Instructions to follow:
Once the pictures are set aside, transcribe each line of the data exactly.

Source data:
----

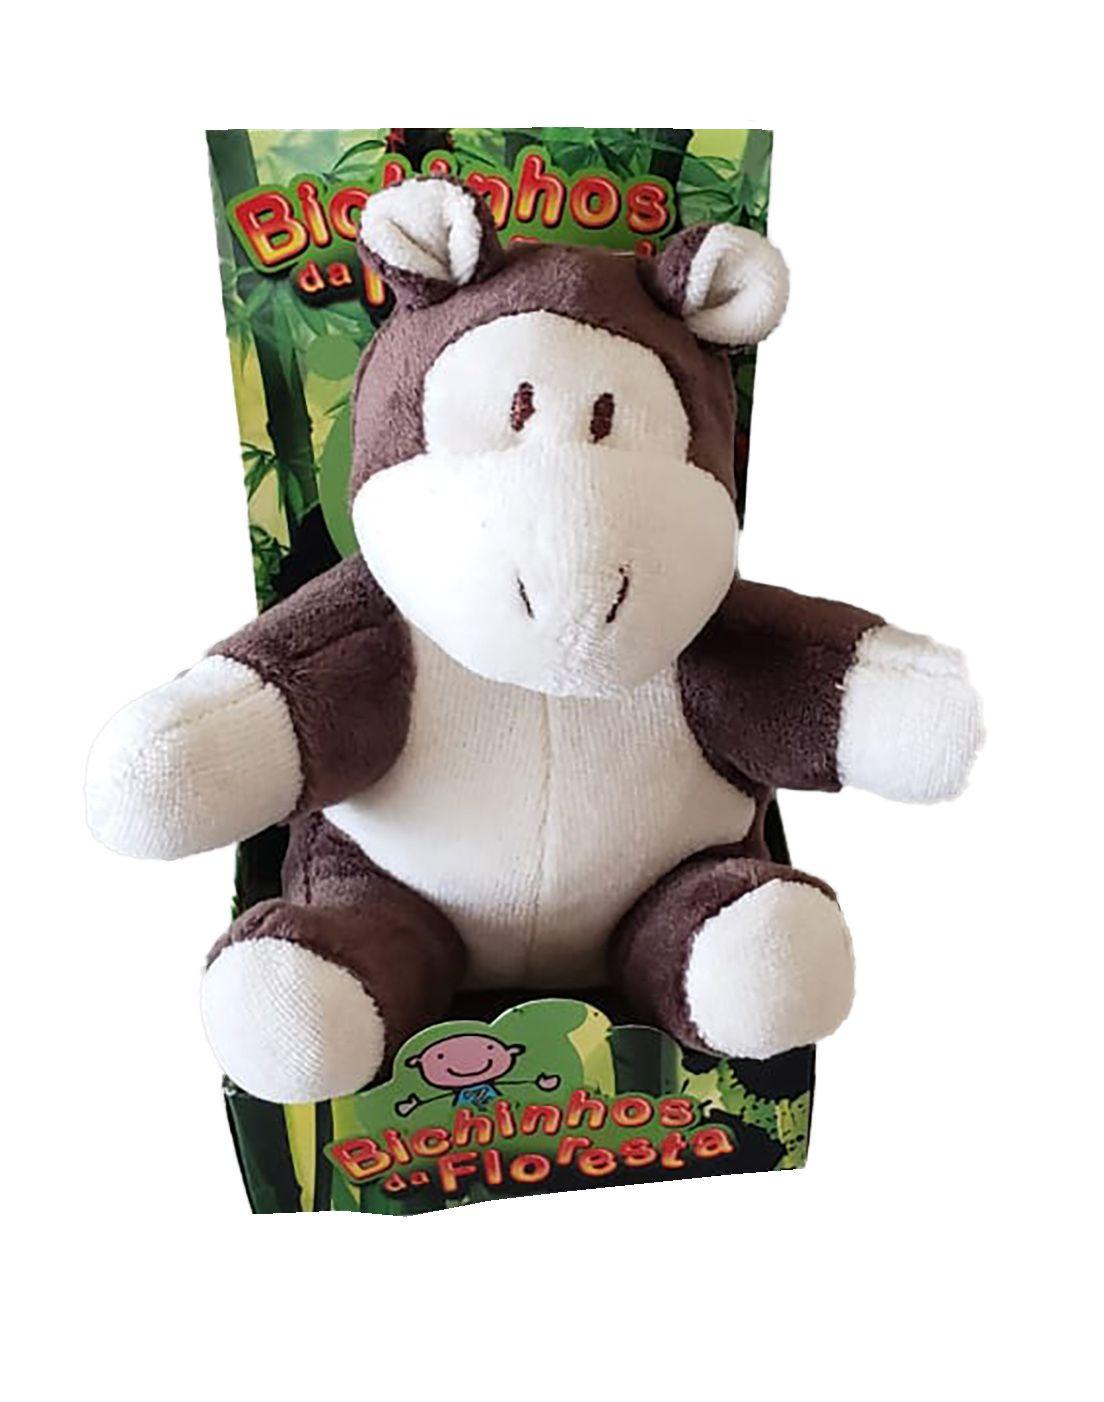 Chocalho Sensorial Mini Macaco Zip Toys  Bichos da Floresta
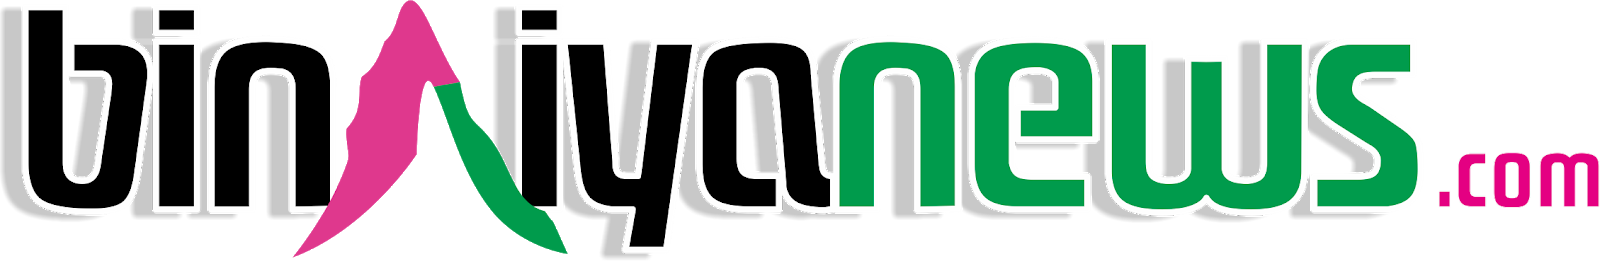 Binaiyanews.com
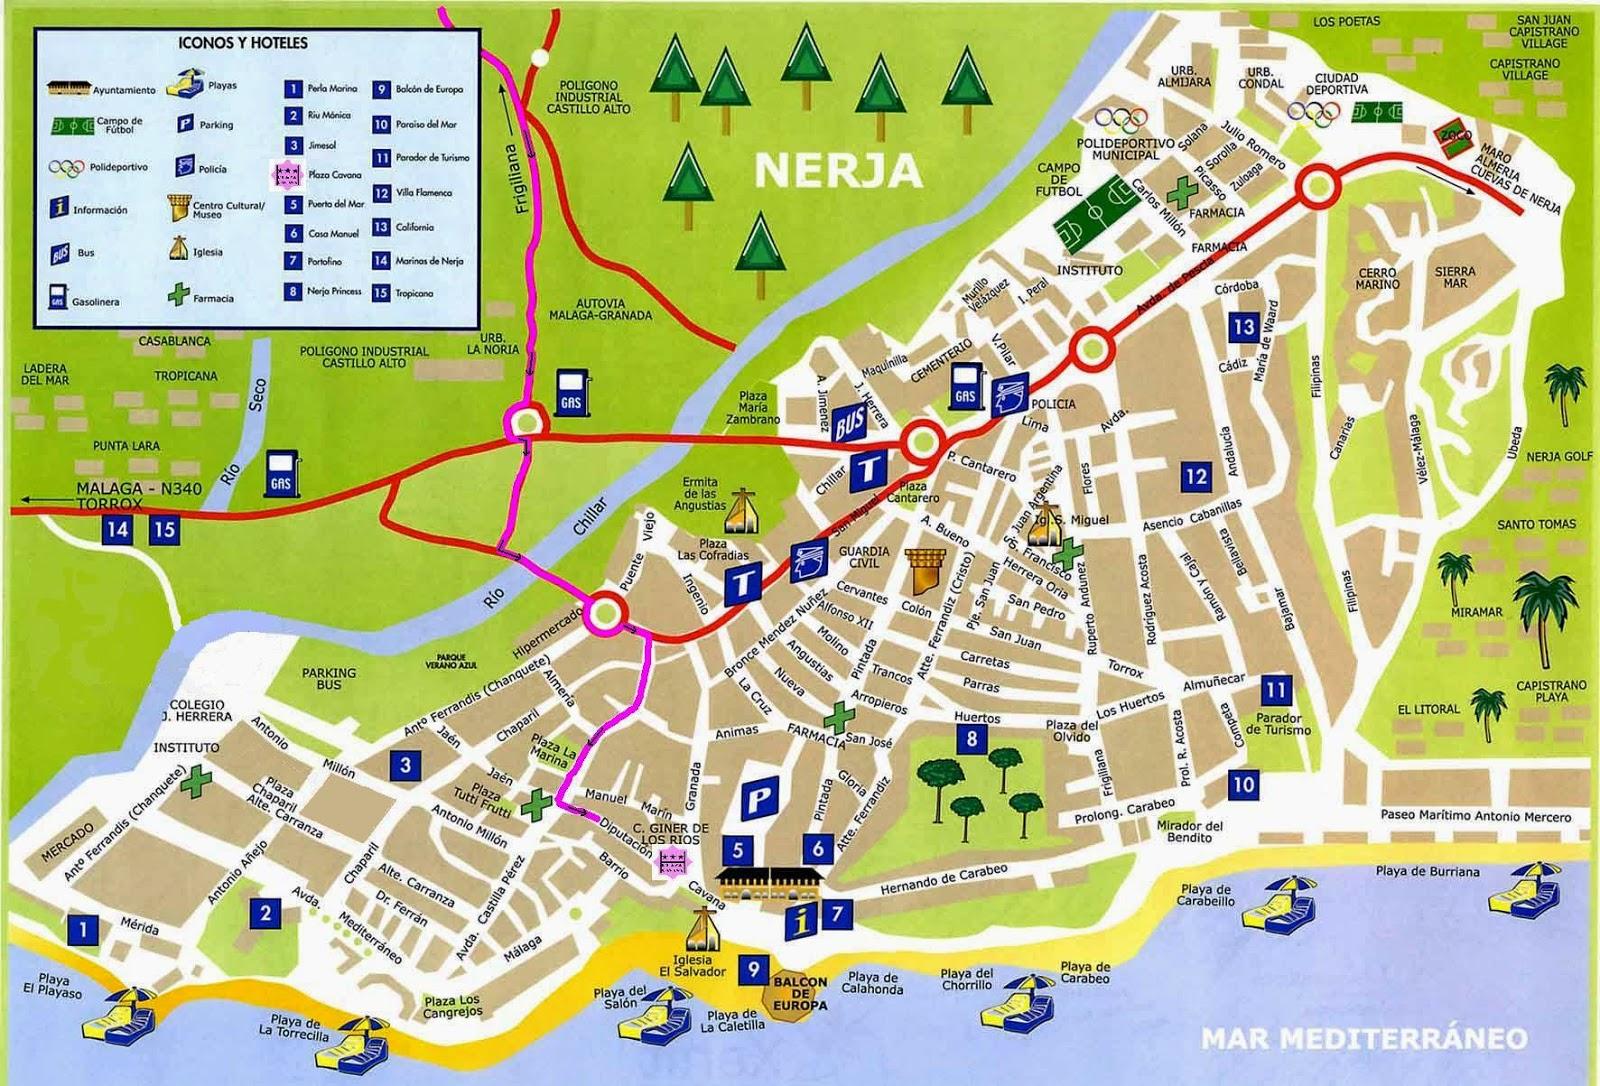 Nerja e la costa del sol orientale ramingo dentro for Oficina de turismo nerja
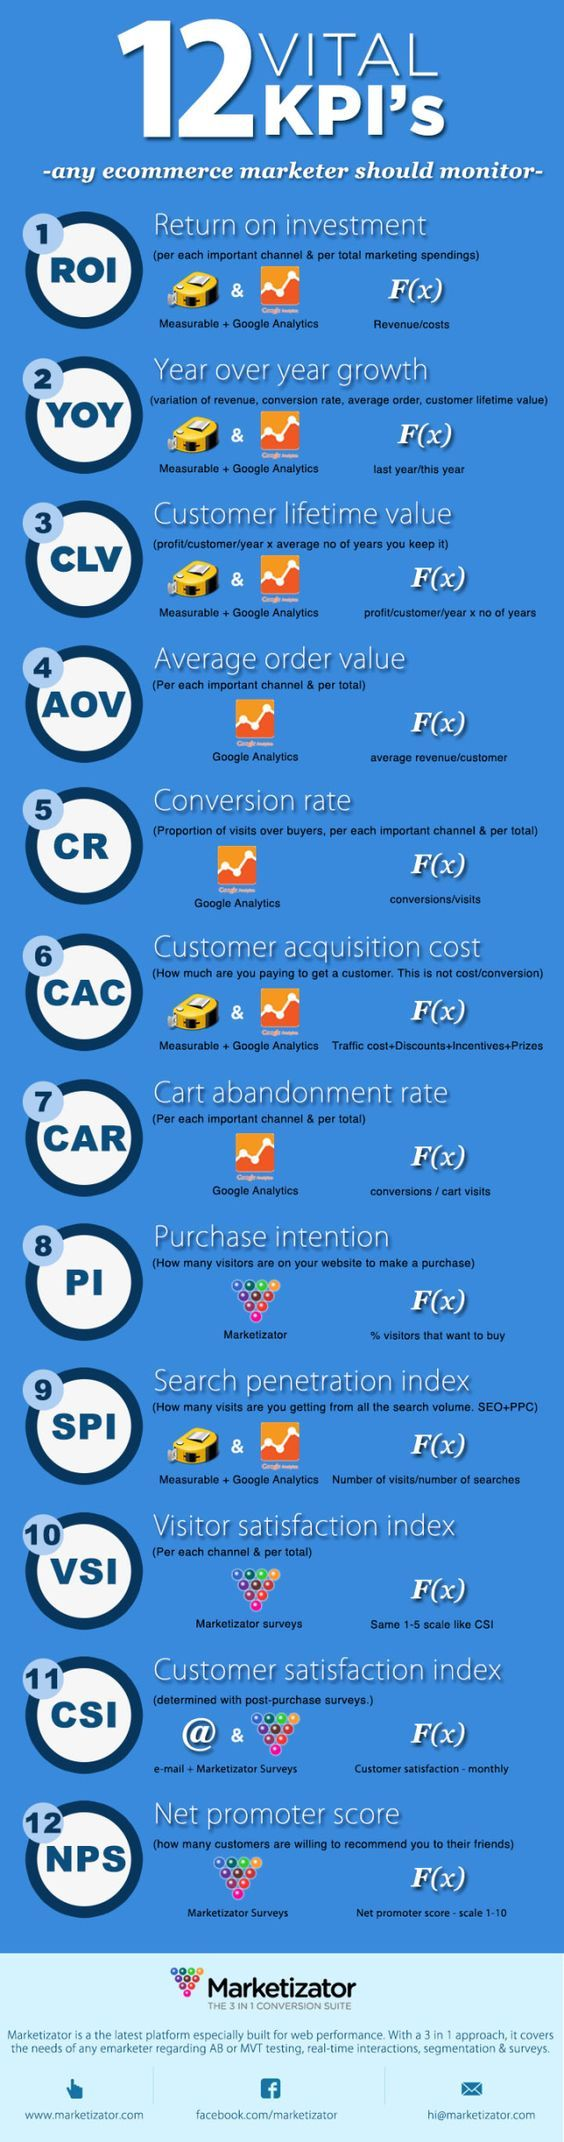 12 vital KPI's any commerce marketer should monitor #infografia #infographic #ecommerce

----

Answer area:
 Chocalho Sensorial Mini Macaco Zip Toys  Bichos da Floresta
 Binaiyanews.com
 Nerja e la costa del sol orientale ramingo dentro for Oficina de turismo nerja
 12 vital KPI's any commerce marketer should monitor #infografia #infographic #ecommerce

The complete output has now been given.